Writing

Feed Software, technology, sysadmin war stories, and more.

Monday, October 12, 2020

Binpacking little things onto big things with PAE

This is a story about something that we used to do a long time ago to make the most of our hardware. I certainly hope it's not affecting anyone these days, but you never really know. It has to do with memory addresses, bit counts, CPU architectures, and operating system details.

This is over 10 years ago, when 64 bit Intel and AMD machines were becoming a thing. The place where I worked hadn't quite gotten to full saturation with those things yet, and besides, the OS wasn't ready for it in any case.
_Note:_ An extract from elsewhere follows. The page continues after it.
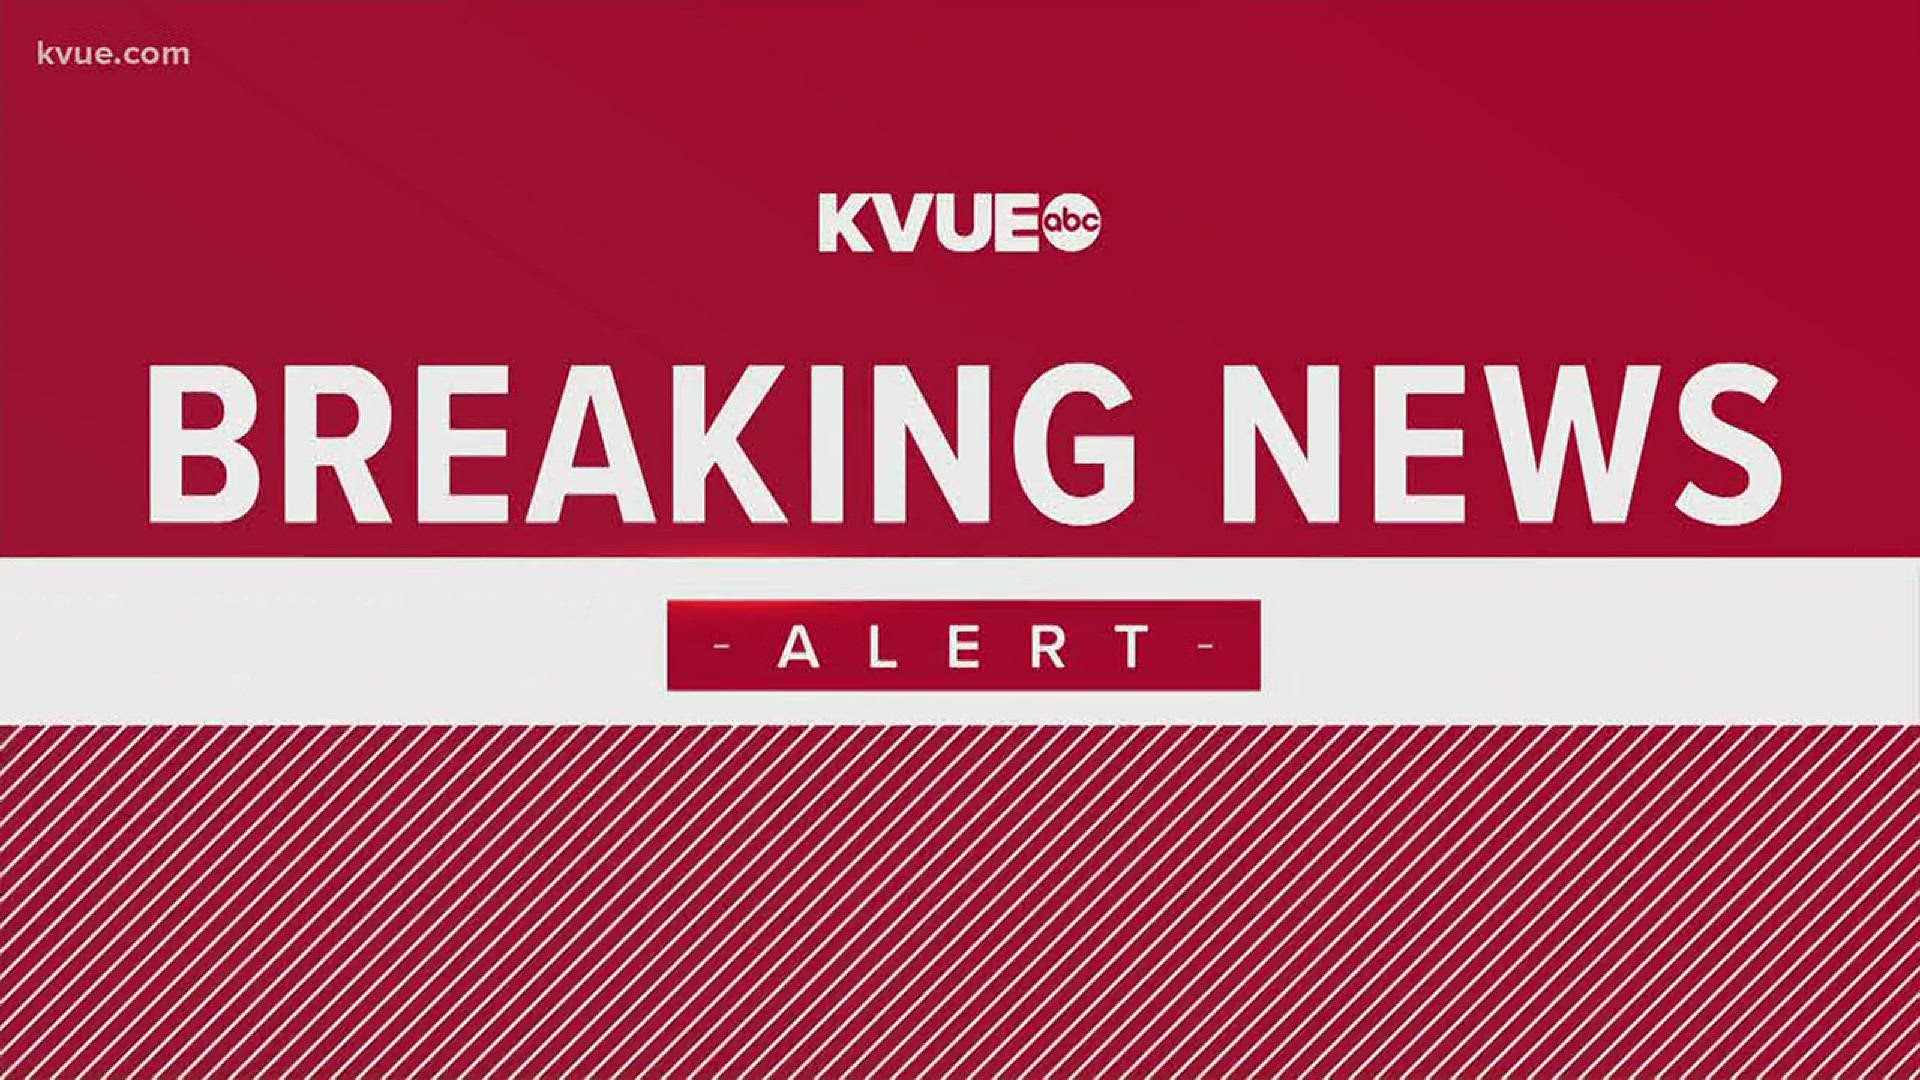 The lockdown at Akins High School in south Austin has been lifted

As a result, we had server boxes which had 8 gigabytes of memory in them, but which were still running a 32 bit environment, and so no process could exceed 4 GB of memory. It was actually a little worse than that, since the kernel needed a slice of that address space for itself, so in practice we couldn't use more than 3072 MB in the process.
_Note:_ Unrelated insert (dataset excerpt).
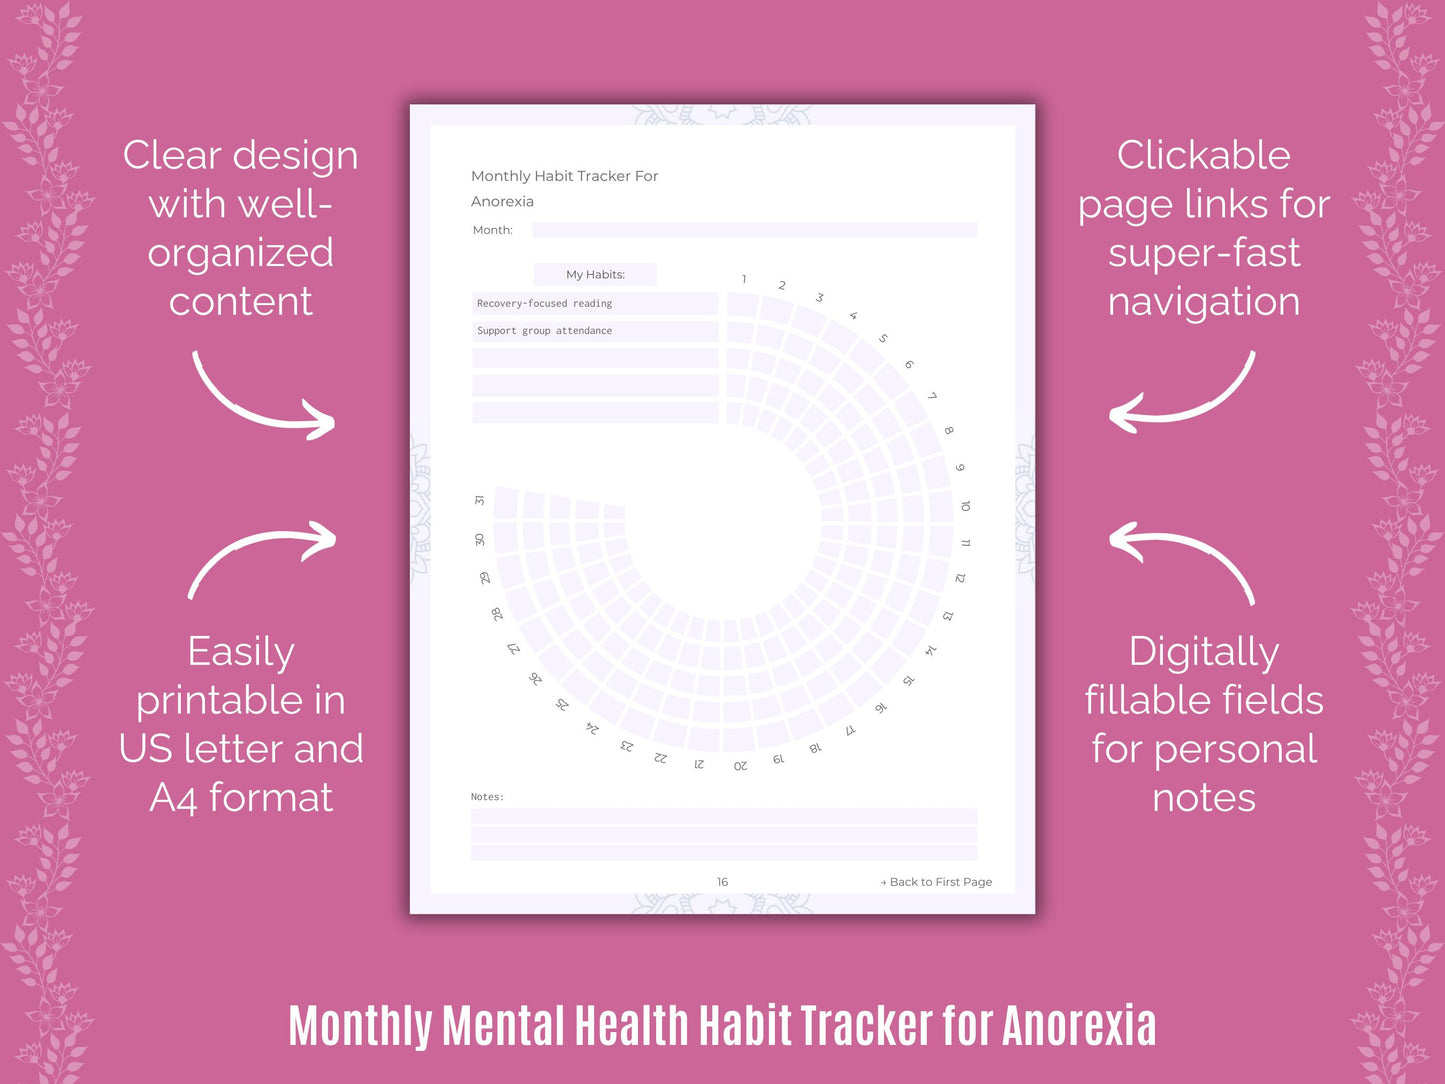 Anorexia Journaling, Anorexia Counseling, Anorexia Notes, Anorexia Tools, Anorexia Therapy, Anorexia Mental Health, Anorexia Planners, Anorexia Journals, Anorexia Workbooks, Goal Setting, Anorexia Resources, Anorexia Cheat Sheet, Anorexia Templates
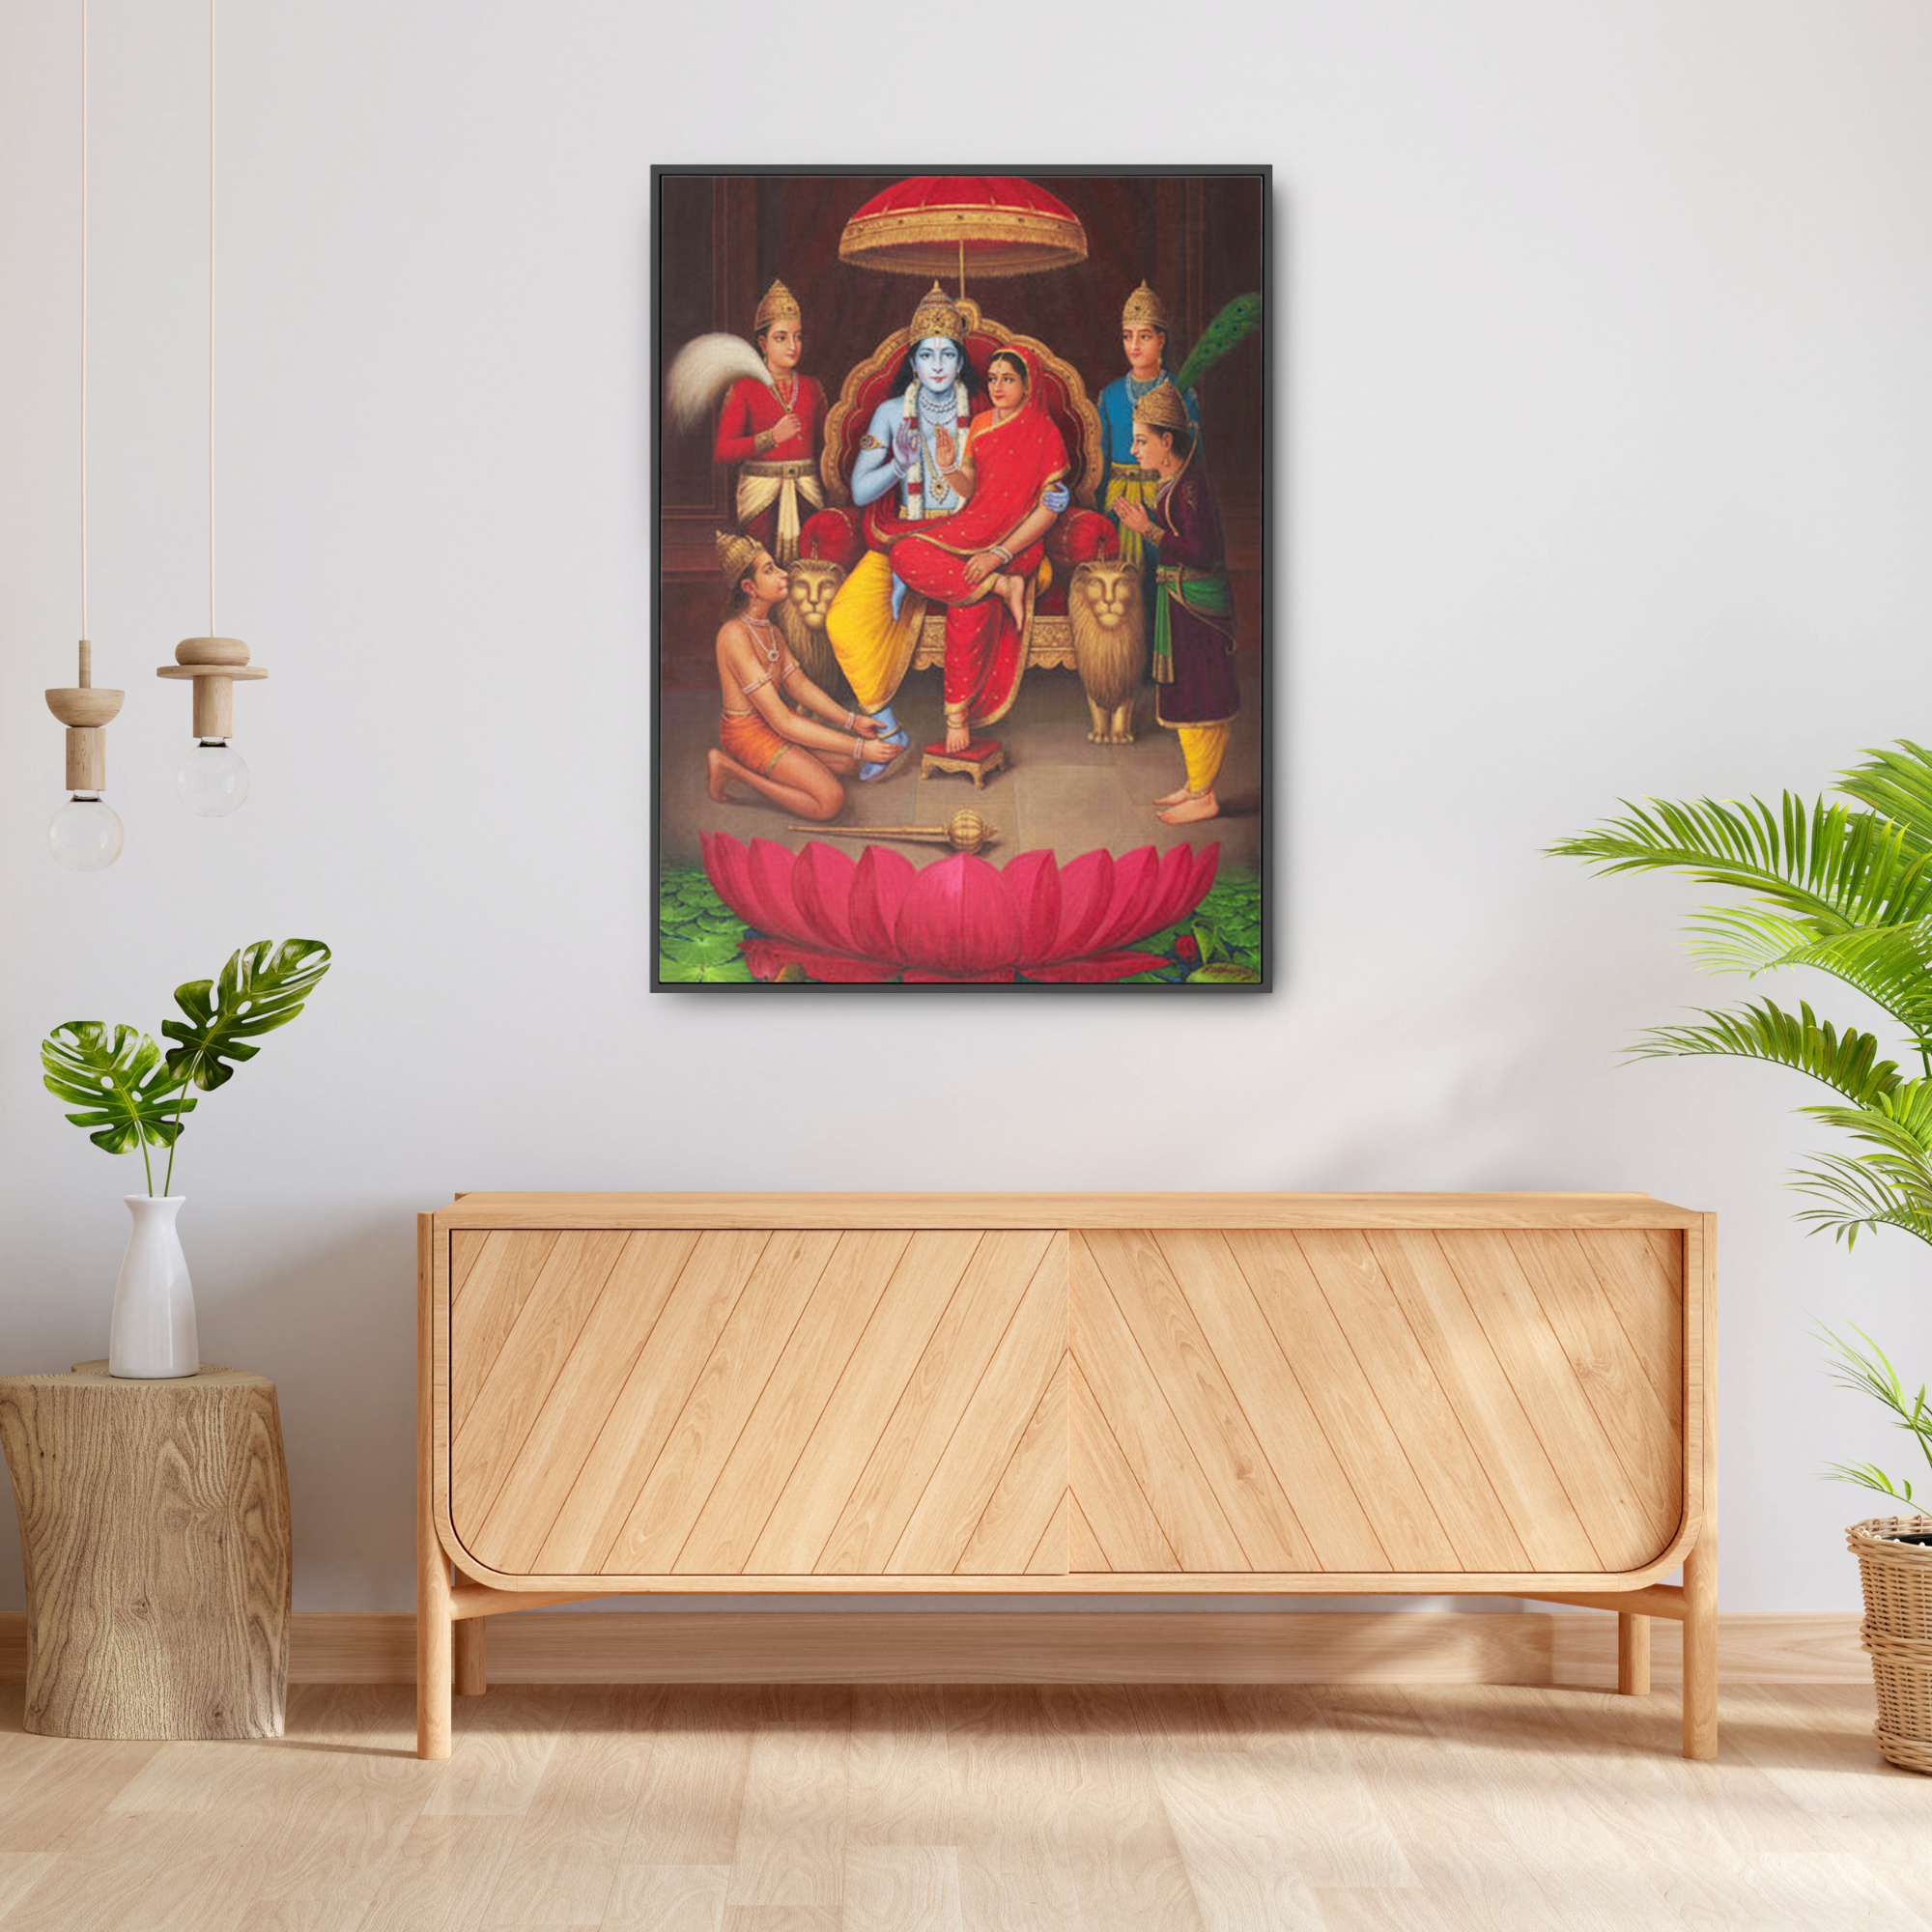 Aesthetic Picture of Shri Ram Panchayatan painting by Raghu Vyas hung in a living room

This could have been a huge waste of resources: all of that memory and us only able to use less than half of it? Fortunately, there was something more which could be done. These newer systems had picked up the PAE feature, so they could instead address up to 36 bits of physical memory.
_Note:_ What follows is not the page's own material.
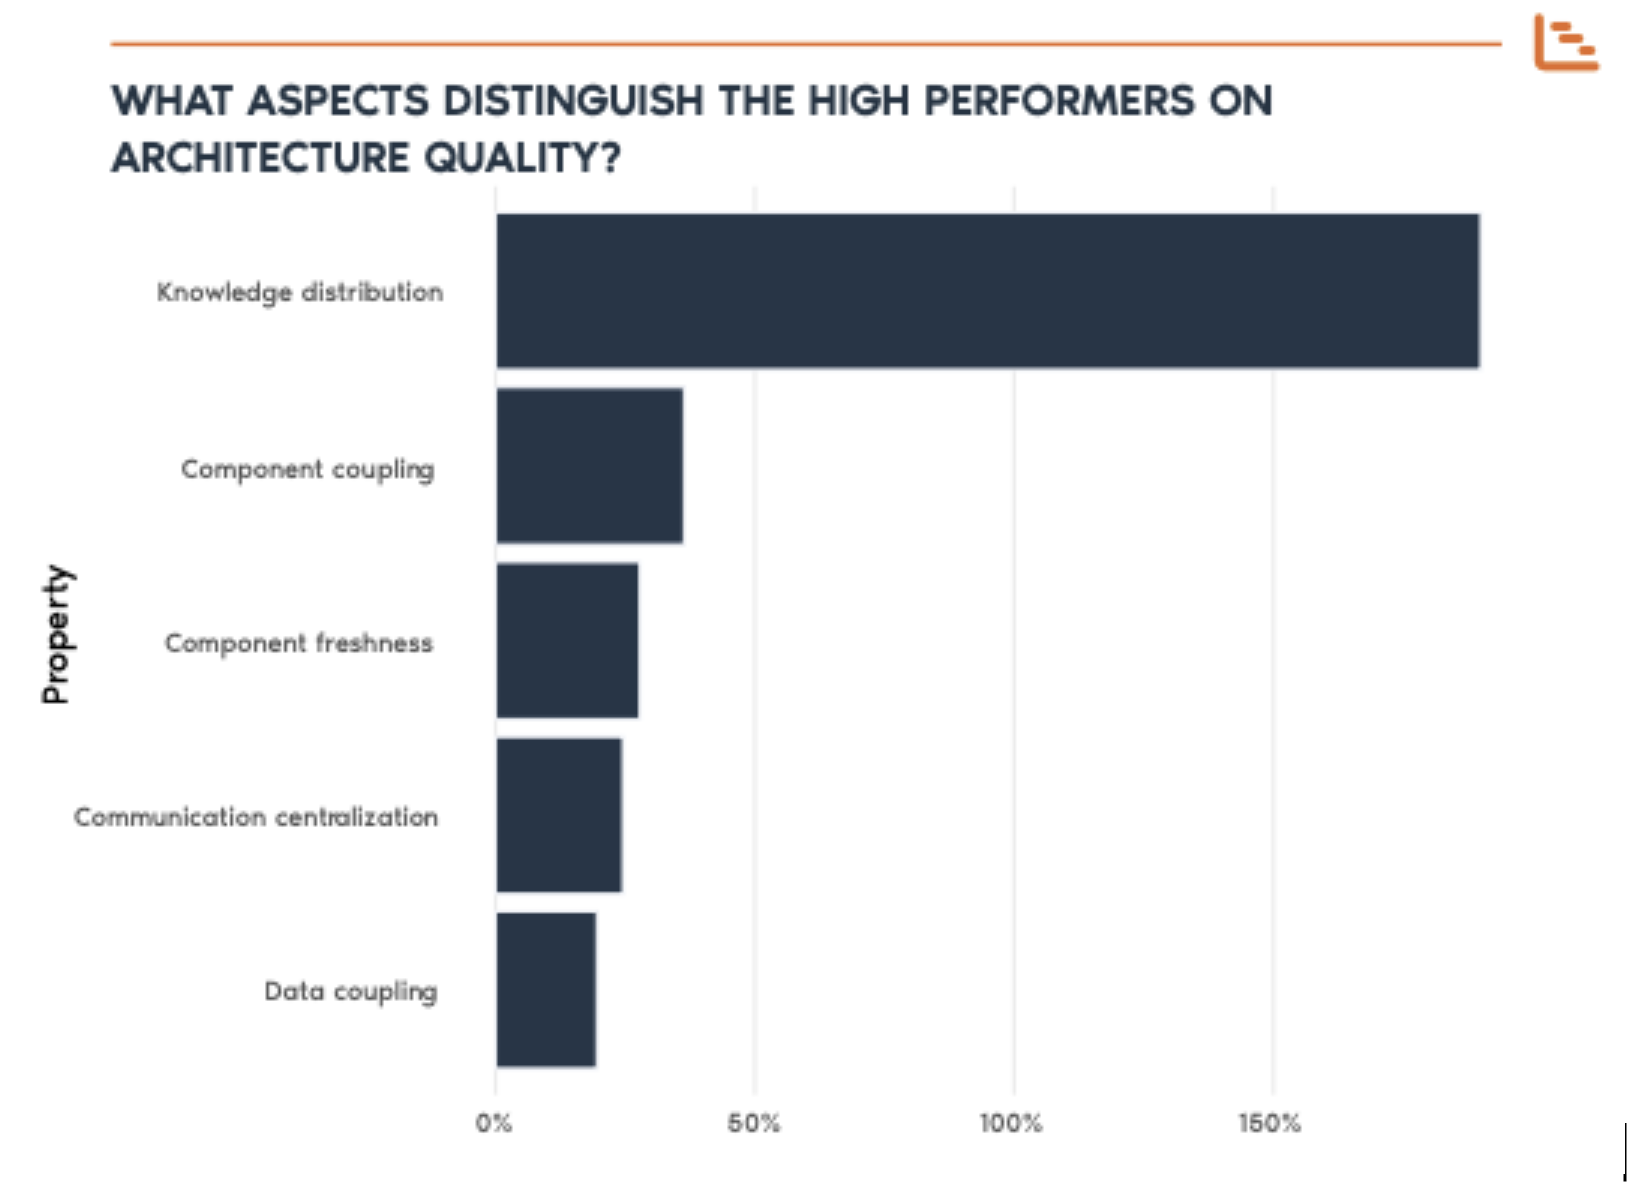 What aspects distinguish the high performers on architecture quality

Now, the actual code running was still very much a 32 bit situation, so any one process could only address 4 GB of address space, but now we could do something sneaky: we could run multiple processes!

And so, that's what we did. Typically, we'd load two 3072 MB processes on the box, and then might cram in another gig-and-a-half process to use up the rest of the space. We didn't try to allocate the entire 8 gigs to everything in userspace since the kernel needs memory too! All of that caching, buffering, network I/O and everything else has to go somewhere. If you (try to) eat all of it with your program, something will have to lose.

This wasn't the most efficient way to use the boxes, because it meant three times the overhead of our memory-hungry process, three sets of TCP ports for monitoring and RPC methods, and a bunch of complicated job configs to keep all of this stuff running and "binpacked" as well as we could.

Later, when we got actual 64 bit setups (kernel + userspace), the PAE hacks could go away, and now we could just run a 6 or 7 GB process all by itself. The overhead dropped off, and now it was just a lean, mean, caching machine. The configuration also lost a whole bunch of special case hacks, and we could go back to the notion of "one per box" again.

I really hope nobody in 2020 is still having to do this.